> [THE PROBLEM]: In the records below, reproduce exactly the lines from the one containing "第七届中国卫星导航与位置服务年会9月5日于四川绵阳正式开幕" through the one containing "Eine lachende Frau im Bett", both included, and omit the pictures.

> [DATA EXCERPTS]:
= = = =

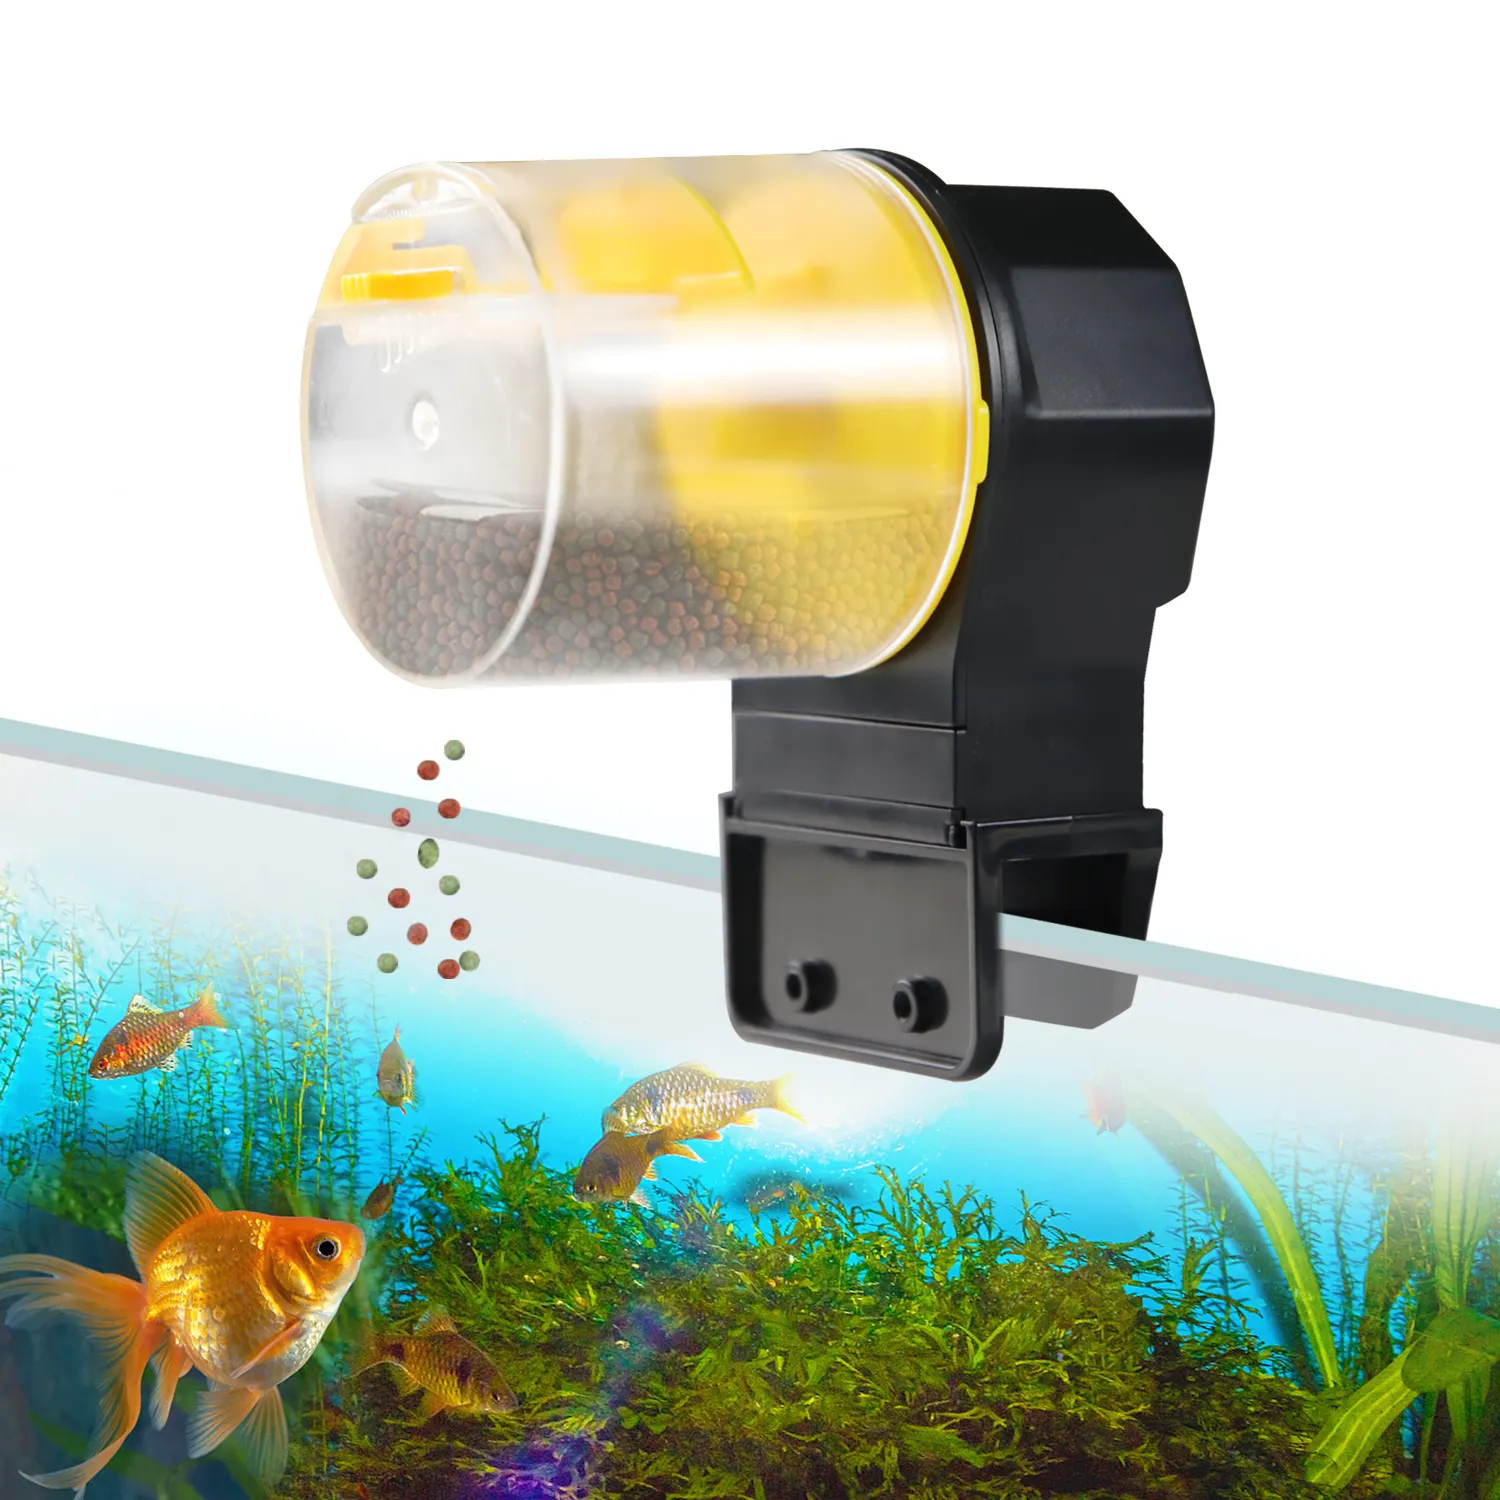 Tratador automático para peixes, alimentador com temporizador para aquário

= = = =

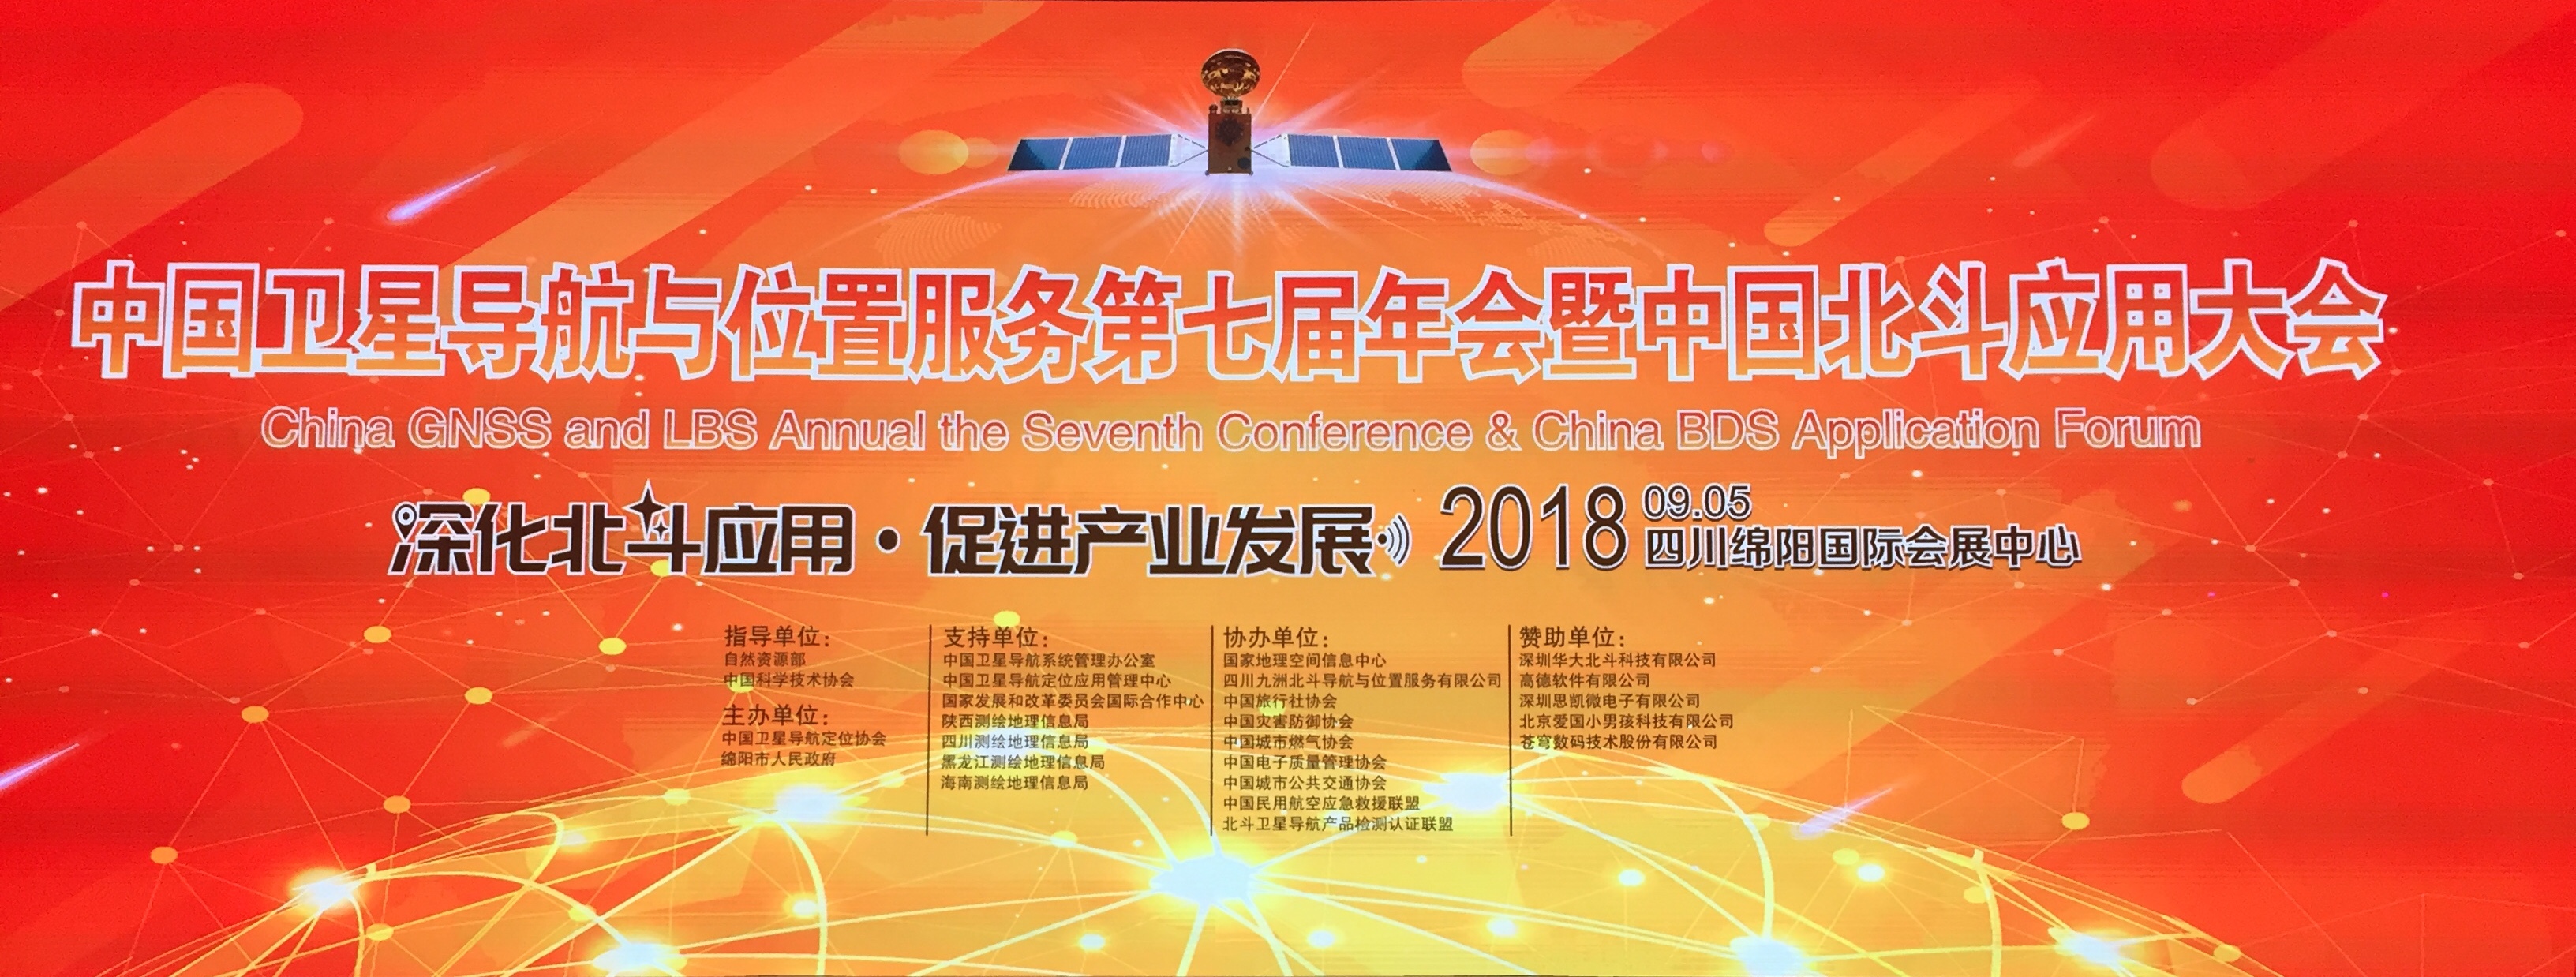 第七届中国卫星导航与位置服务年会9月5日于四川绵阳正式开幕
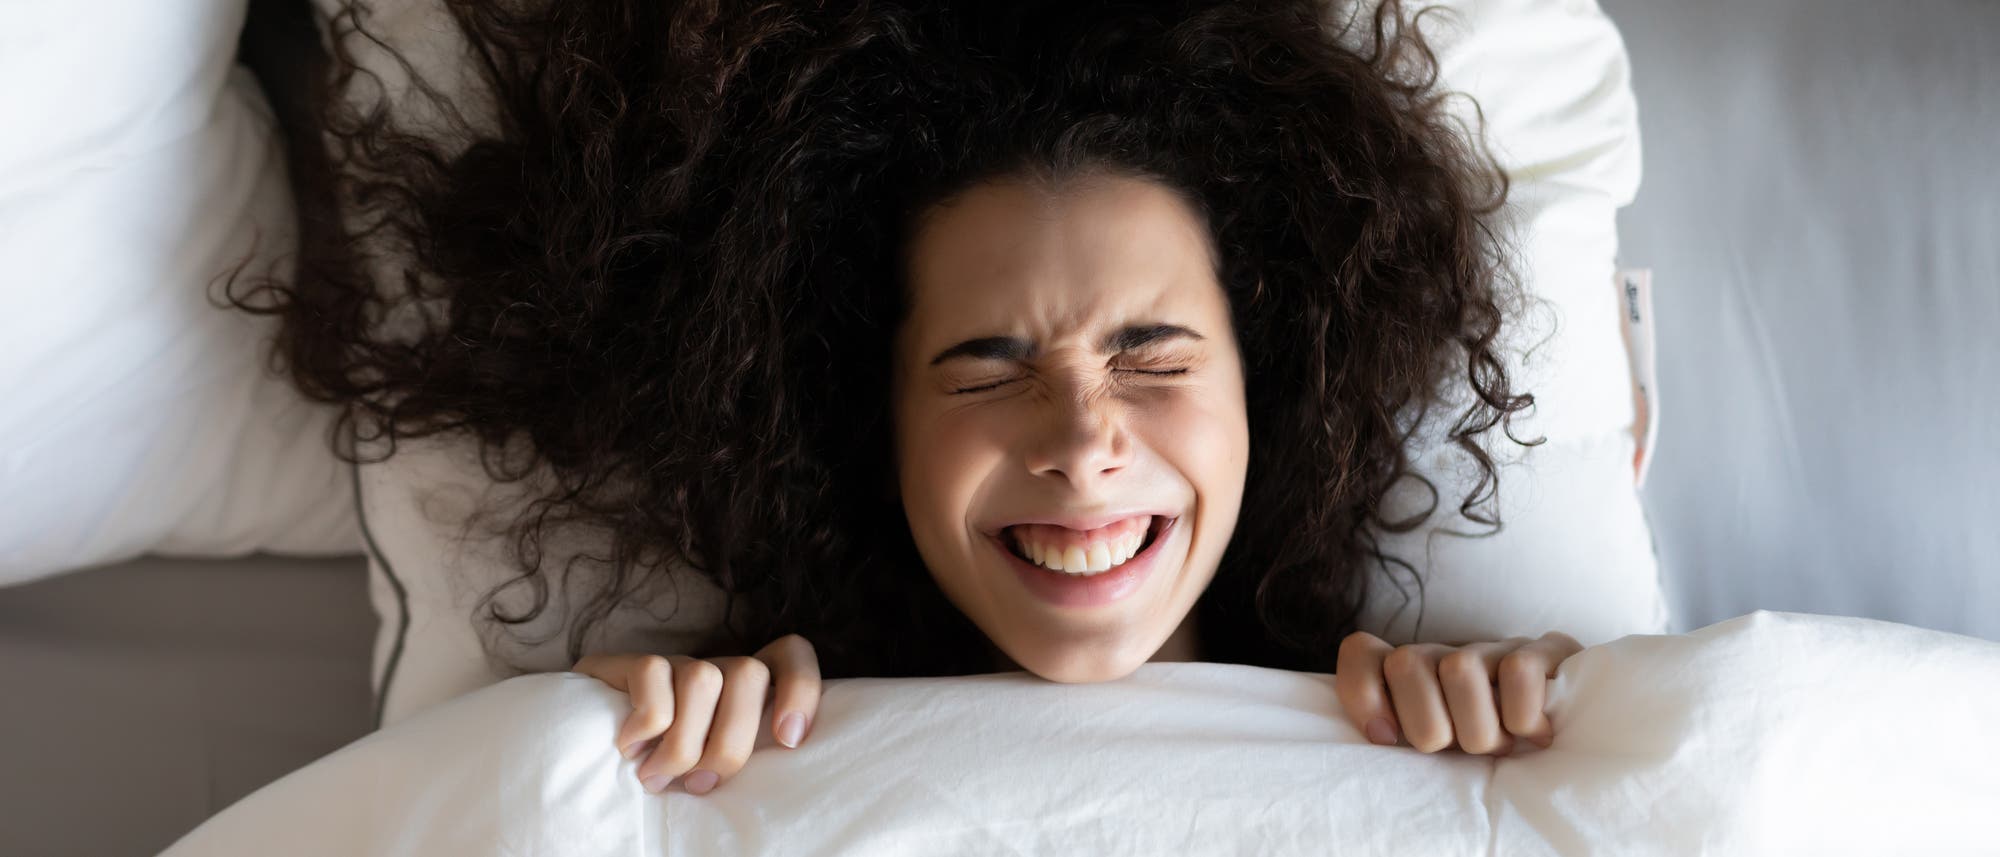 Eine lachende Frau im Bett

= = = =

> [SOLUTION FOR THIS TASK]:
 第七届中国卫星导航与位置服务年会9月5日于四川绵阳正式开幕
 Eine lachende Frau im Bett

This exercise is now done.